2. (in medieval Europe) a money of account equal to 12 denarii.
origin: C14: from Late Latin solidus (nummus) a gold coin (from solidus solid); in Medieval Latin, solidus referred to a shilling and was indicated by a long s, which ultimately became the virgule.

noun, Printing.
1. a short oblique stroke (/) between two words indicating that whichever is appropriate may be chosen to complete the sense of the text in which they occur:
The defendant and/or his/her attorney must appear in court.
2. a dividing line, as in dates, fractions, a run-in passage of poetry to show verse division, etc.:
3/21/27; 3/4; Sweetest love I do not go/For weariness of thee.
origin: 1830-40; < French virgule comma, little rod < Latin virgula;
BUT Sol, related to Sou also means:
noun, Music.
1. the syllable used for the fifth tone of a diatonic scale.
2. (in the fixed system of solmization) the tone G.
Which all somehow led to the word koan.

noun, plural koans, koan. Zen.
1. a nonsensical or paradoxical question to a student for which an answer is demanded, the stress of meditation on the question often being illuminating.
origin: 1945-50; < Japanese kōan, earlier koũ-an < Middle Chinese, equivalent to Chinese gōngàn public proposal
Keeping both of my radically insecure tuxedo cat happy is my koan.

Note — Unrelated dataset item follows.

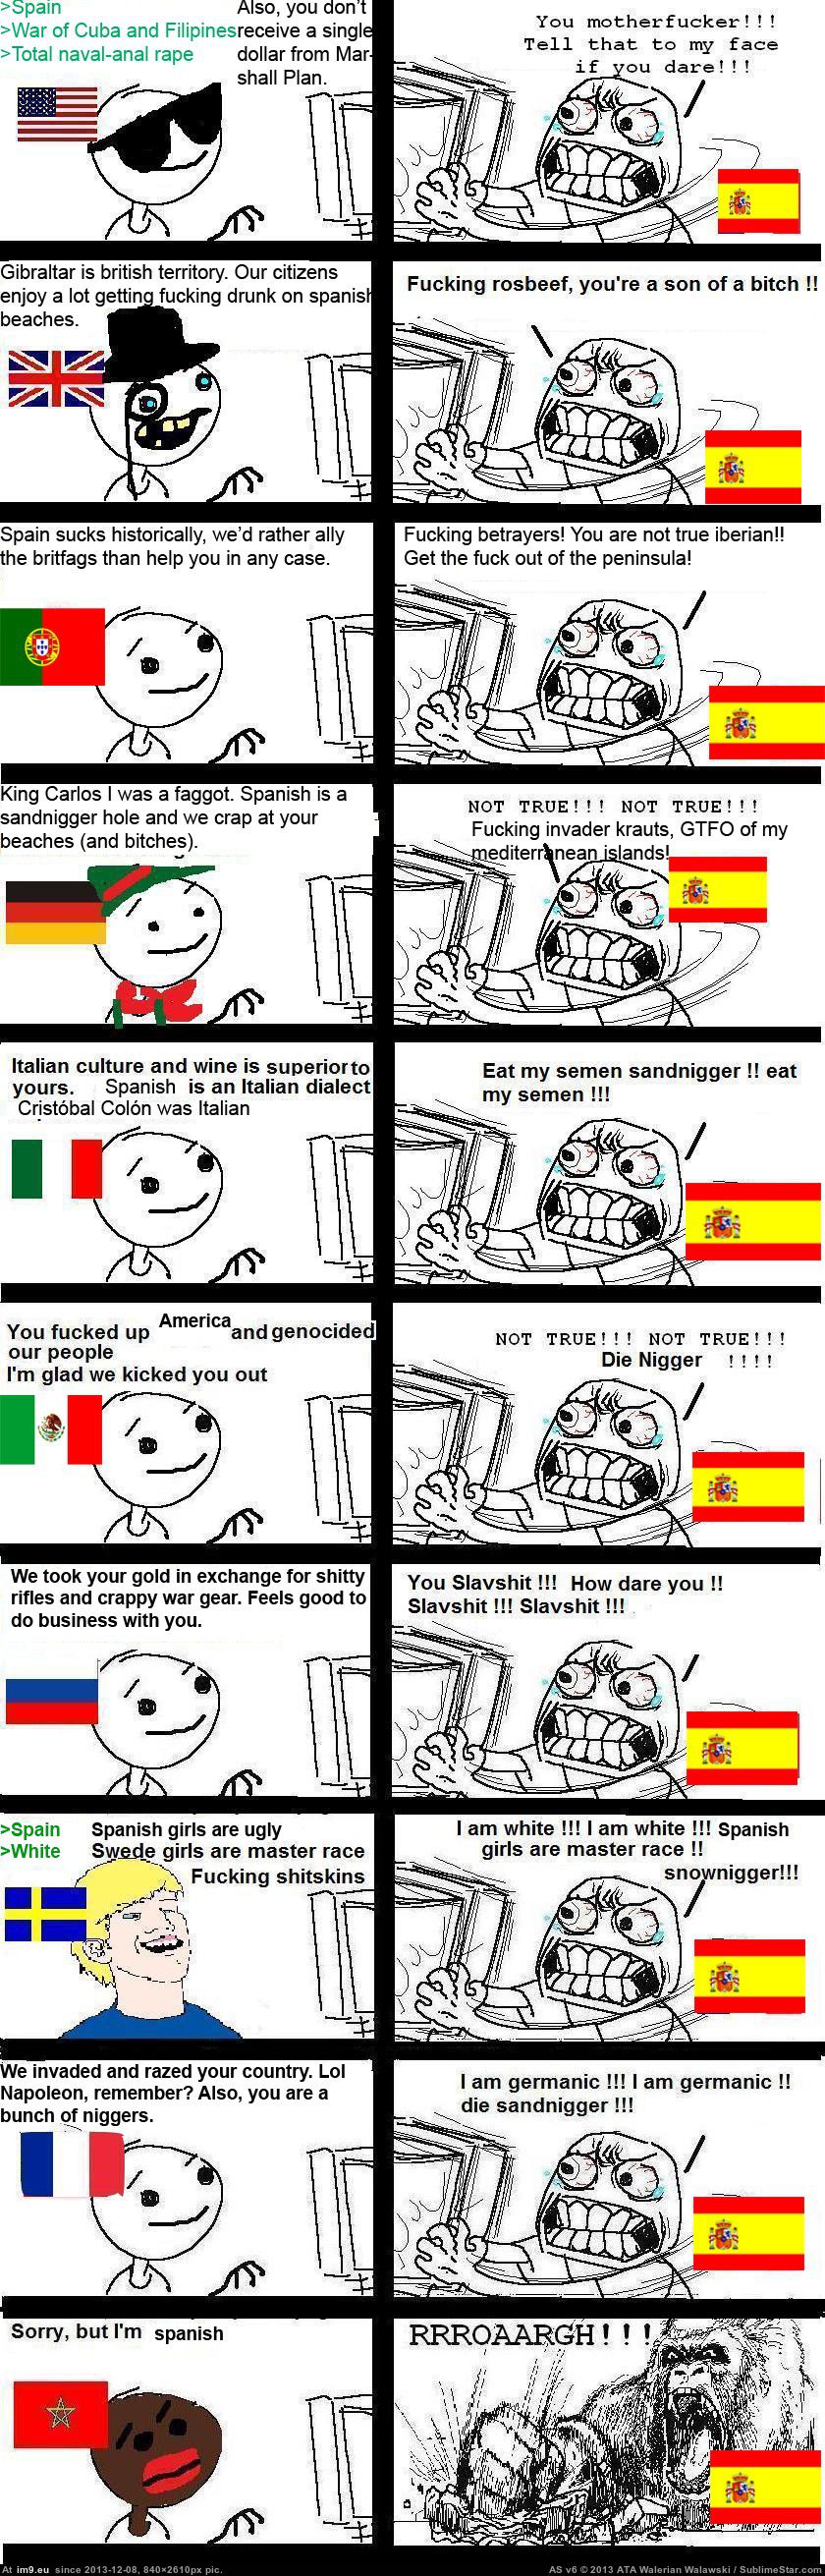 Spain (trolling) (in Trolling different Nations (Countries))

When I googled koan it led me to, of all things, the programming language Ruby, which you can learn with something called Neo Ruby Koans.
The Koans walk you along the path to enlightenment in order to learn Ruby. The goal is to learn the Ruby language, syntax, structure, and some common functions and libraries. We also teach you culture. Testing is not just something we pay lip service to, but something we live. It is essential in your quest to learn and do great things in the language.
This particular Ruby is not related to my baby, sweetie girl Helen Ruby...just so we're clear.

So then, welcome to my morning where I feed and cosset cats, drink too much coffee and slide down the lexicographic rabbit hole.